TheGenealogist and S&N Sponsor the “Echoes of the Past” Show in Lincolnshire

A press release has reached me from my friends over at TheGenealogist and S&N. They are proud to be sponsoring the “Echoes of the Past” show that will be helping promote family history in Lincolnshire.

‘Echoes of the Past’ promises to be the first major family history show for the county. S&N will be providing specialist help, talks and advice on the day, both companies will have products and special offers available to visitors.

Echoes of the Past is a brand new event that will be at the Epic Centre, Lincolnshire Showground, Lincoln on Sunday 27th October 2013 from 10am to 4pm.

 

The event is aimed at helping people learn more about family history research in Lincolnshire, what resources are available and hints and tips to help researchers along the way. It will be a great way to experience memories of Lincolnshire, with particular focus on aviation, agriculture and engineering- three main industries that featured in many people’s lives.

‘Echoes of the Past’ will also feature the Lincolnshire Family History Society, Lincolnshire Archives, professional Genealogists and the Lincolnshire Aviation Centre.

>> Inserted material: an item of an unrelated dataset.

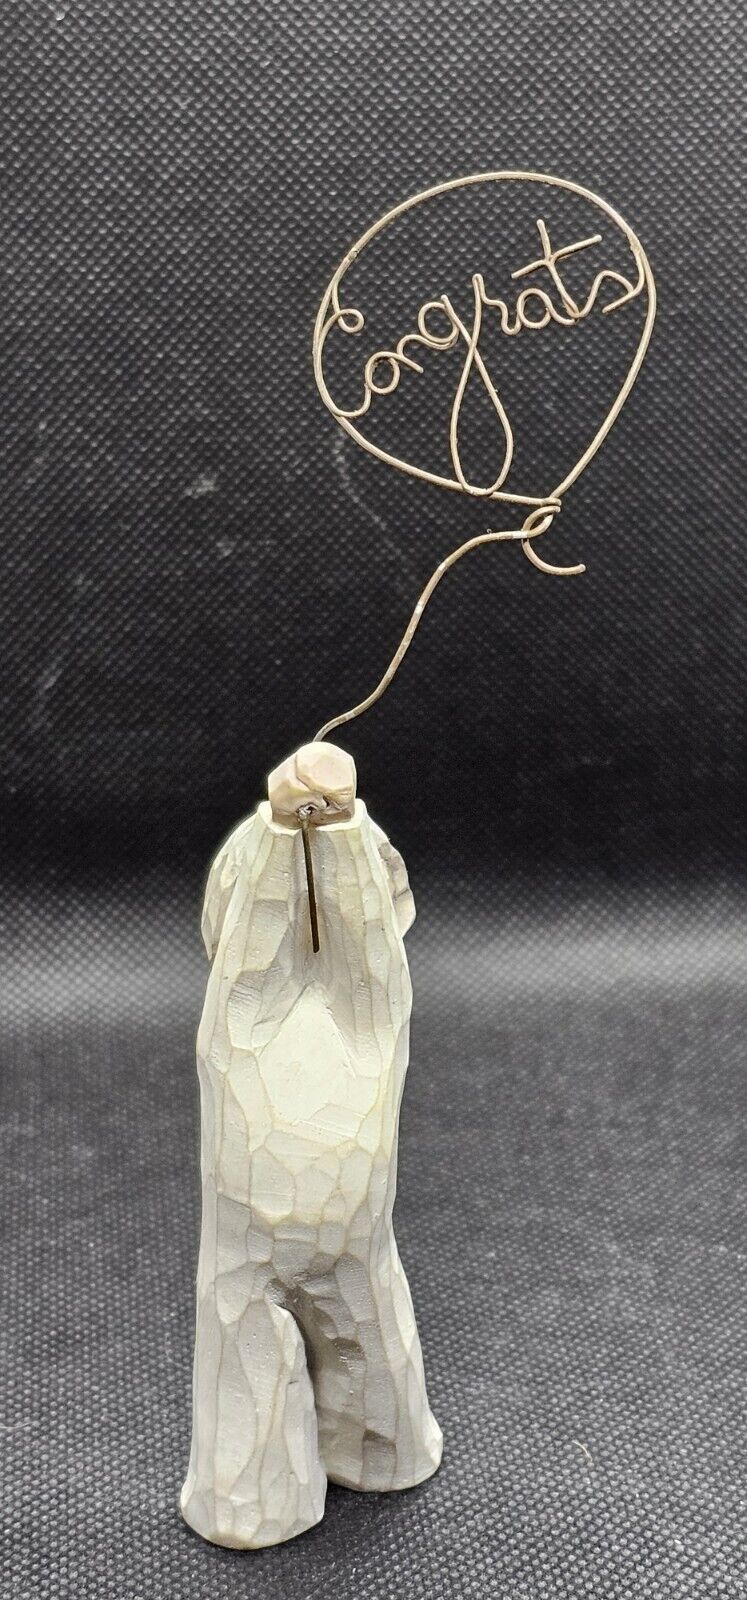 2005 Willow Tree #26172 by Susan Lordi  Congrats Figurine

Nigel Bayley, Managing Director of TheGenealogist and S&N Genealogy comments: “We are delighted to join forces with ‘Echoes of the Past’ in their new venture in Lincolnshire. It promises to be a great event for anyone interested in family history in the Lincolnshire area and we look forward to helping the organisers establish this as the premier genealogy event for the Lincolnshire area”.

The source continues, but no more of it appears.